- [WHAT YOU ARE ASKED TO DO]: Write out the listing below exactly, and omit any images you find in it.

(COLLECTED DATA)

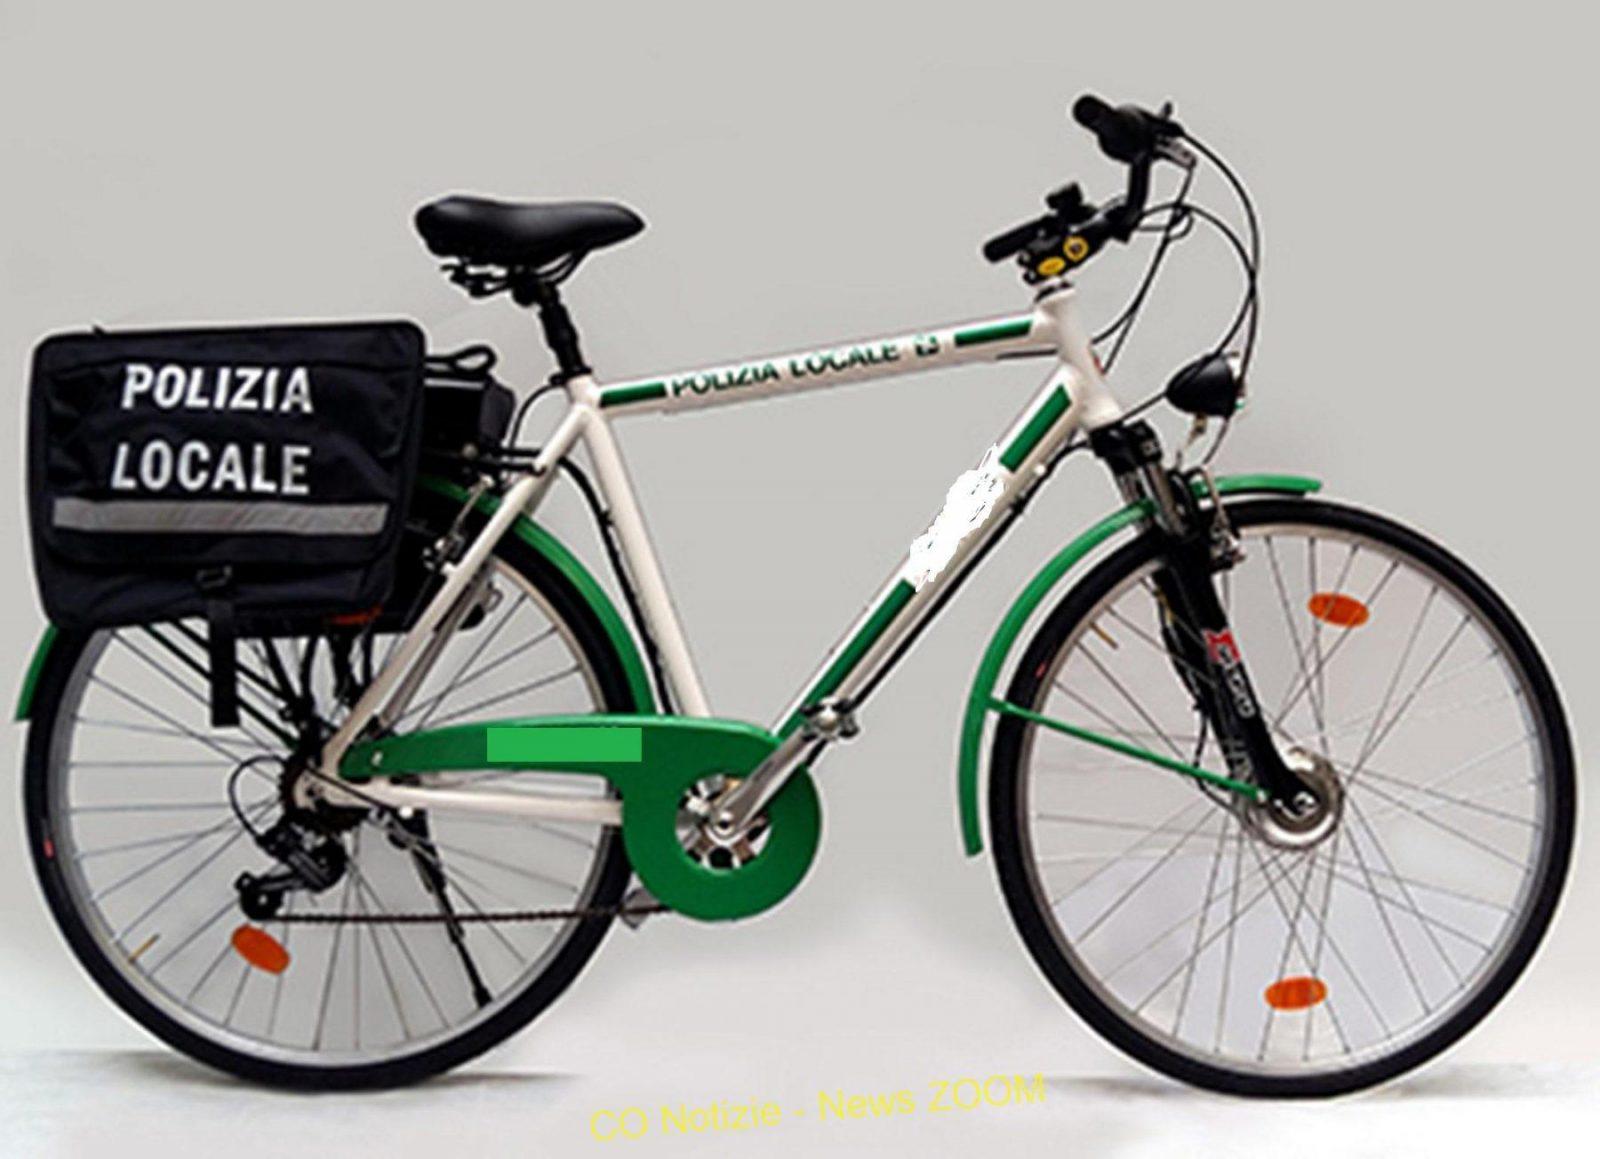 . Polizia locale in e-bike. Boffalora - 21/07/2021
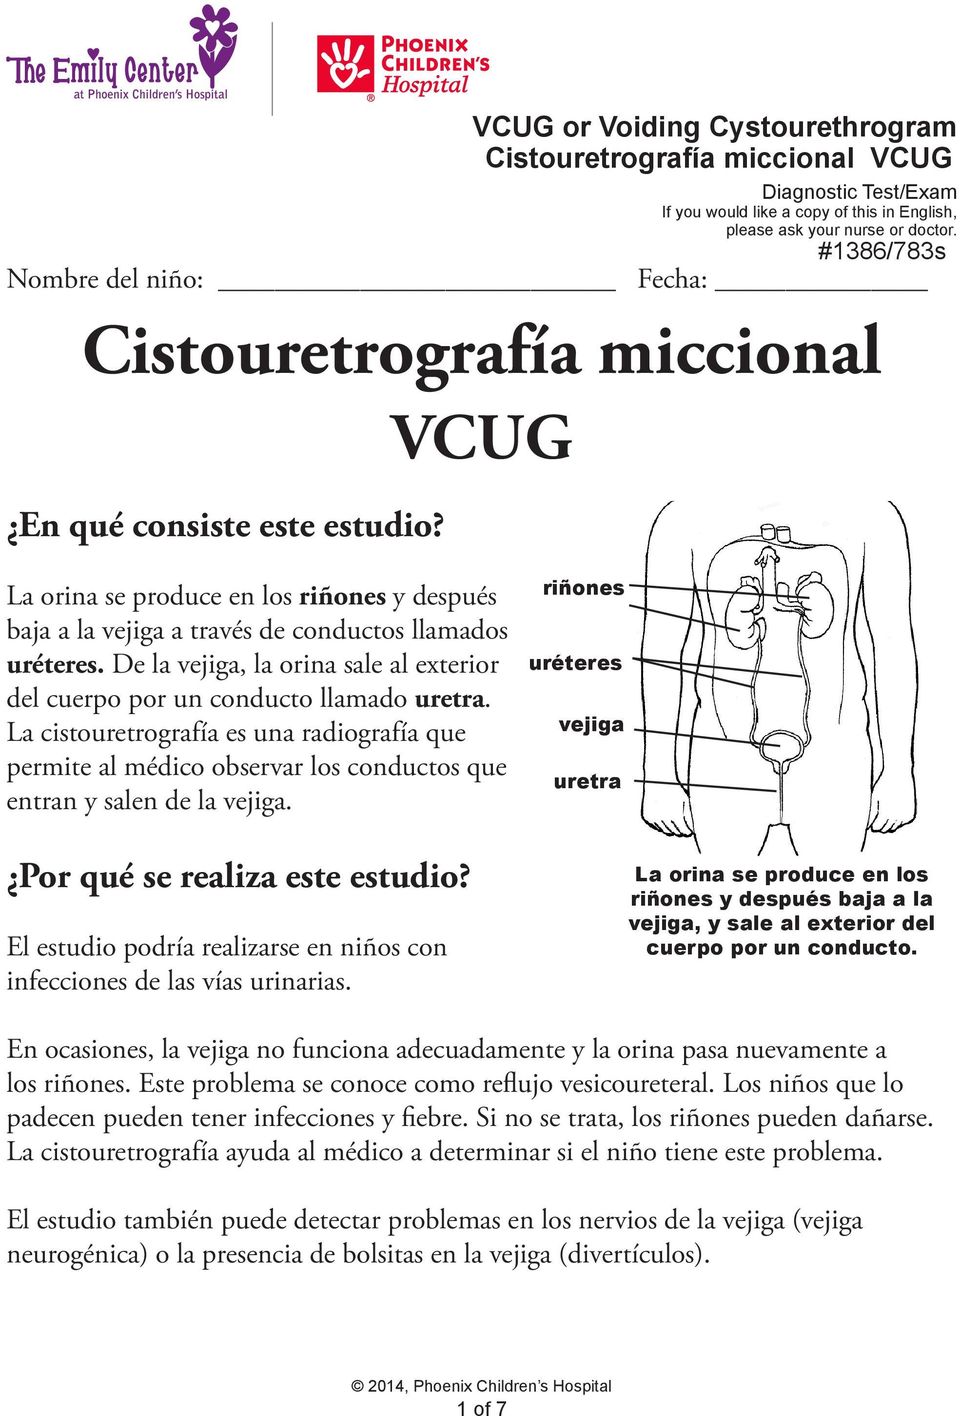 De la vejiga, la orina sale al exterior del cuerpo por un conducto llamado uretra. La cistouretrografía es una radiografía que permite al médico observar los conductos que entran y salen de la vejiga.
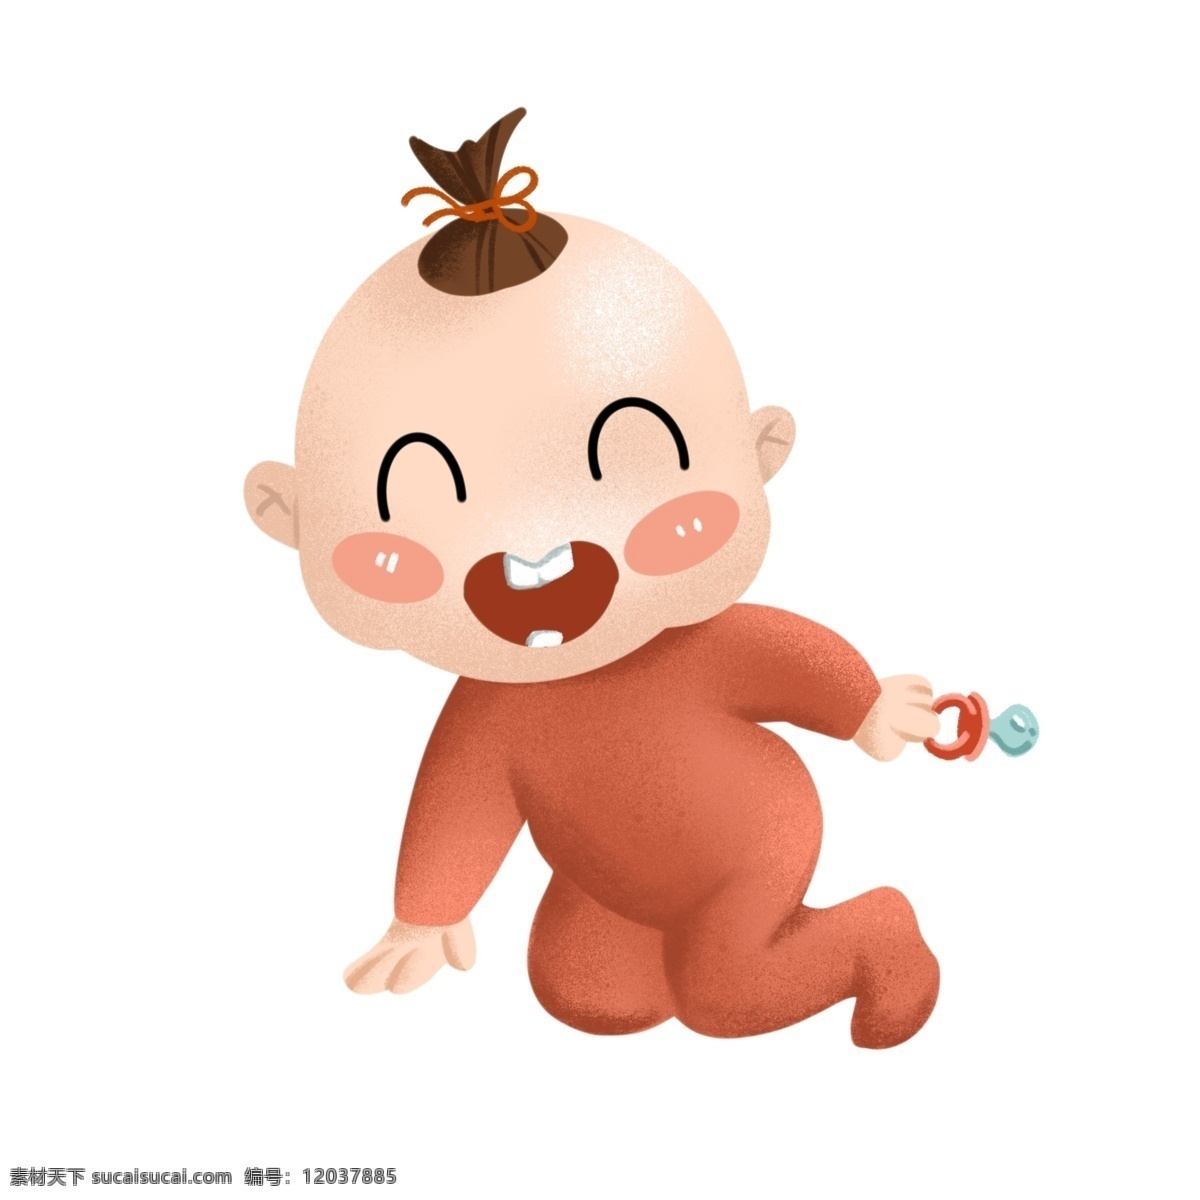 开心 婴儿 装饰 插画 开心的婴儿 漂亮的婴儿 红色的糖果 婴儿装饰 爬行的婴儿 微笑的婴儿 卡通人物

(End COLLECTED DATA)

- [ANSWER SPACE]:
 . Polizia locale in e-bike. Boffalora - 21/07/2021
 De la vejiga, la orina sale al exterior del cuerpo por un conducto llamado uretra. La cistouretrografía es una radiografía que permite al médico observar los conductos que entran y salen de la vejiga.
 开心 婴儿 装饰 插画 开心的婴儿 漂亮的婴儿 红色的糖果 婴儿装饰 爬行的婴儿 微笑的婴儿 卡通人物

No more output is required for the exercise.